Supplied material:
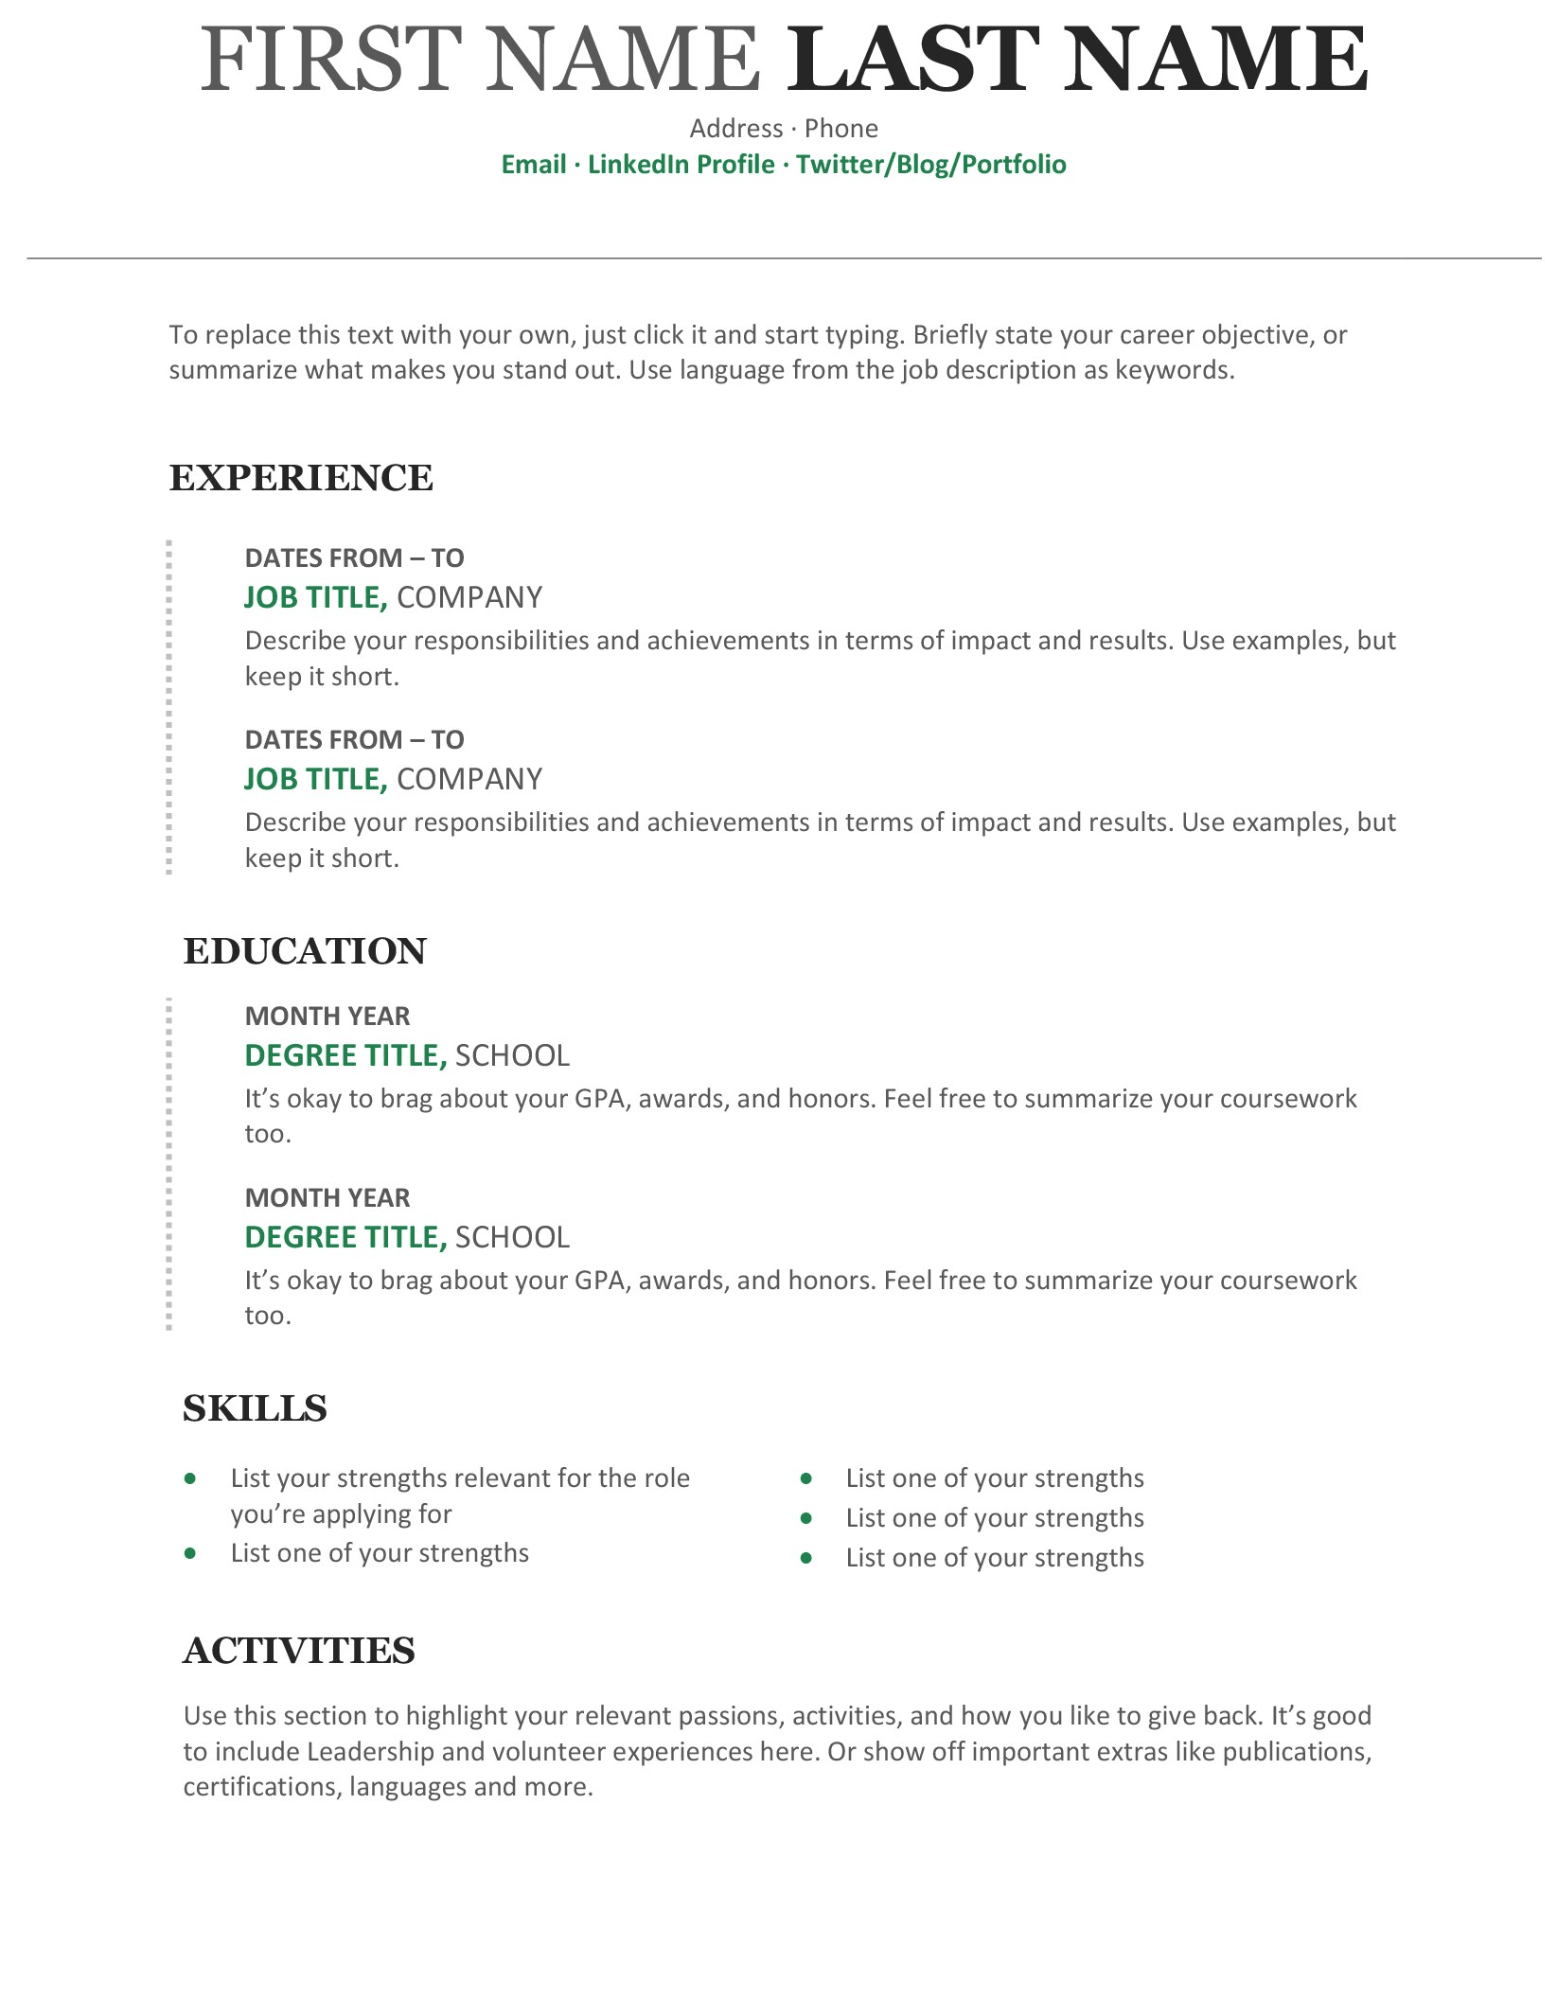 20+ Free And Premium Word Resume Templates [Download] With Regard To Microsoft Word Resumes Templates
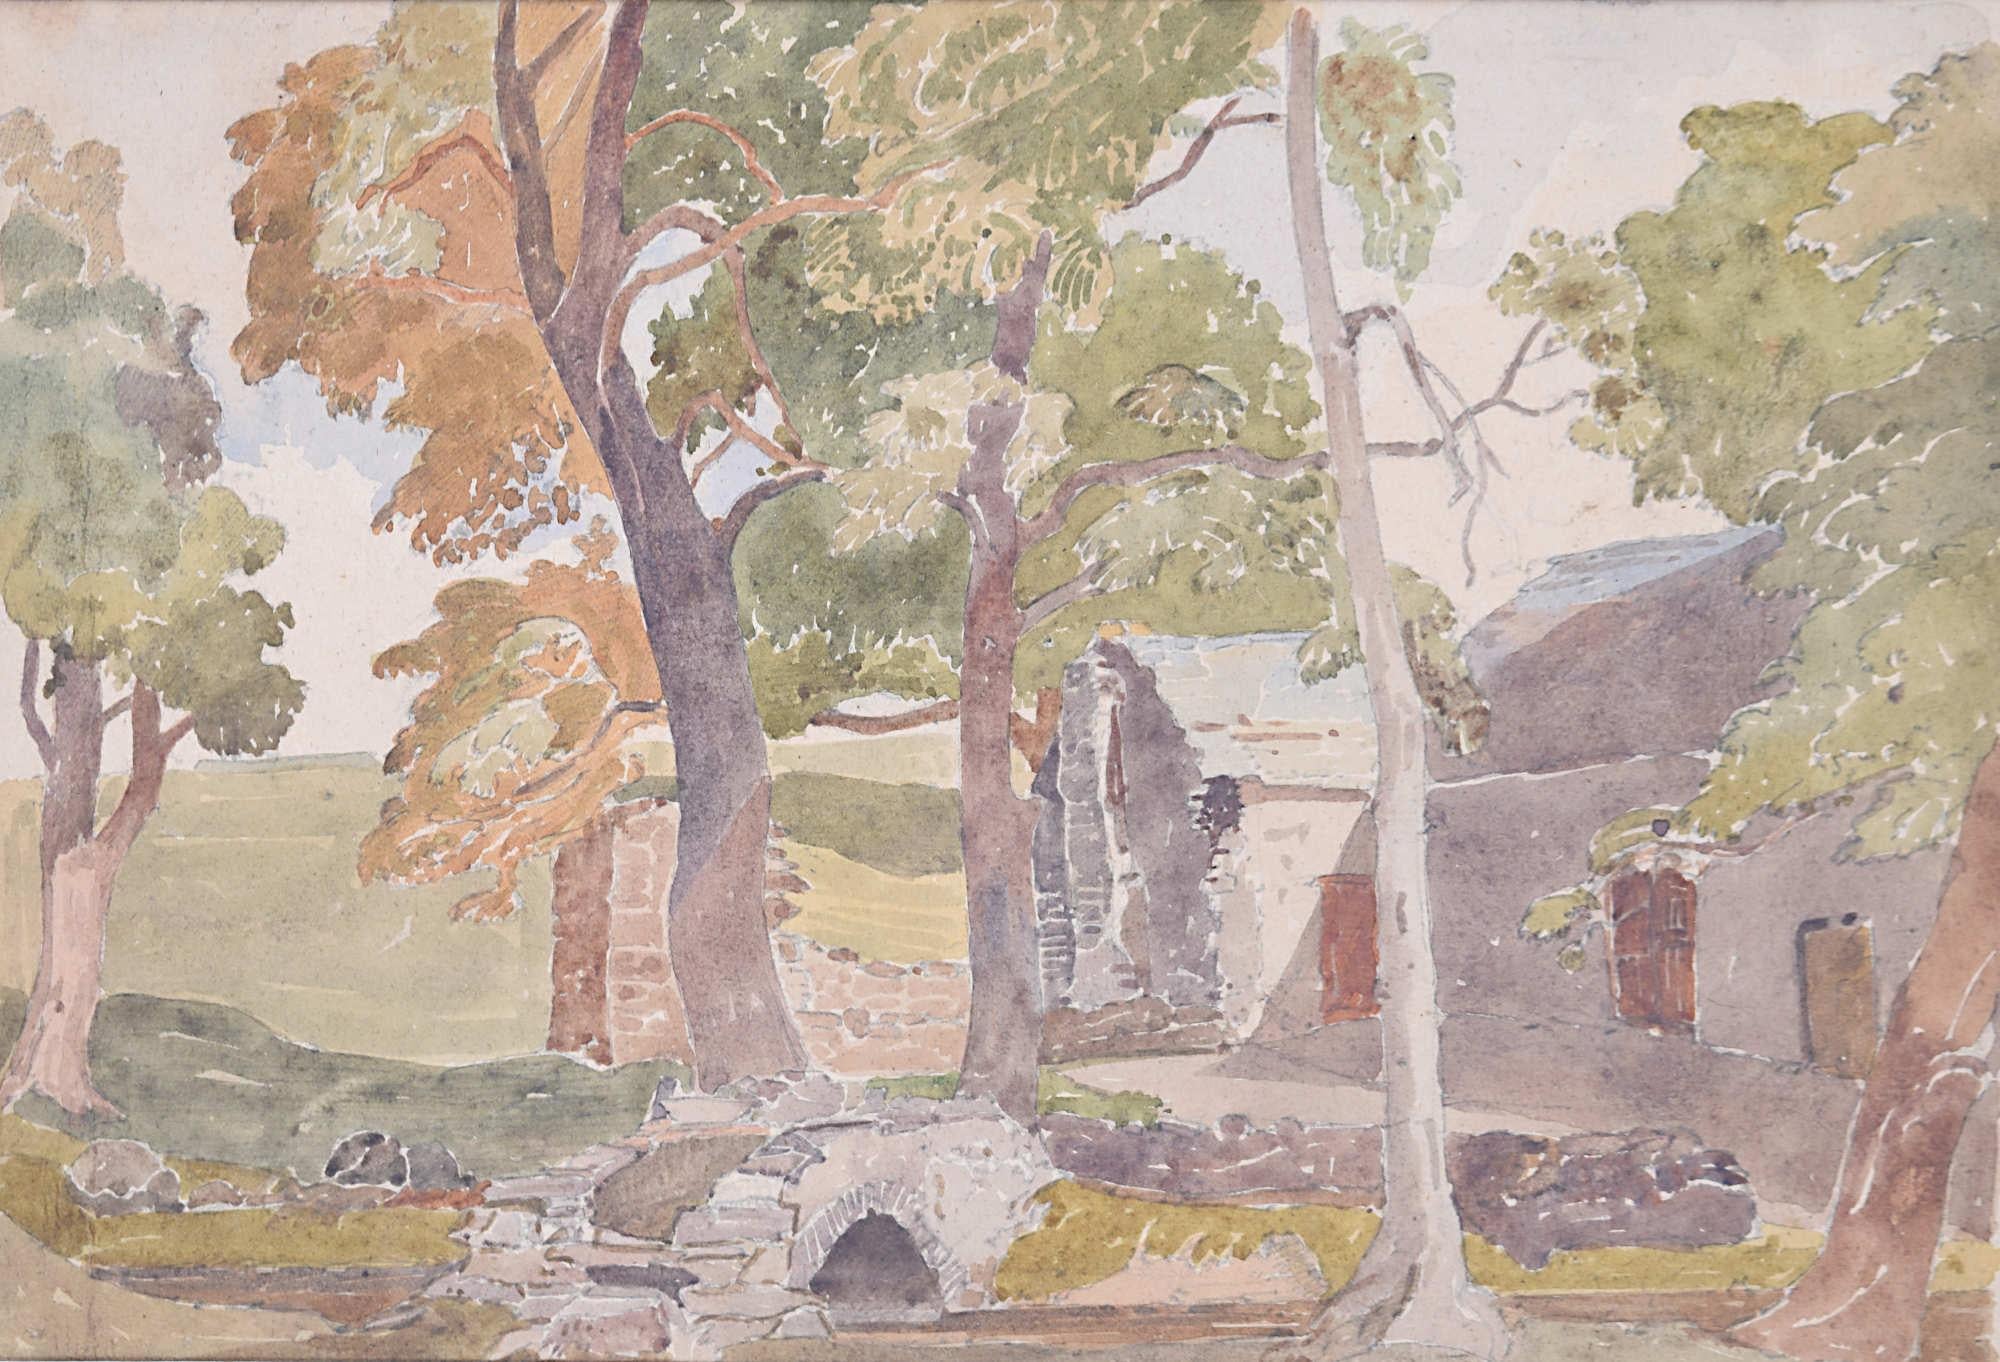 We acquired a series of paintings from Claude Muncaster's studio. To find more scroll down to "More from this Seller" and below it click on "See all from this seller." 

Claude Muncaster (1903-1974)
Shap Farmhouse
Signed and inscribed to

Task directions: The data above needs to be retyped exactly, with the images left out.

Solution to this task:
 20+ Free And Premium Word Resume Templates [Download] With Regard To Microsoft Word Resumes Templates
 We acquired a series of paintings from Claude Muncaster's studio. To find more scroll down to "More from this Seller" and below it click on "See all from this seller." 

Claude Muncaster (1903-1974)
Shap Farmhouse
Signed and inscribed to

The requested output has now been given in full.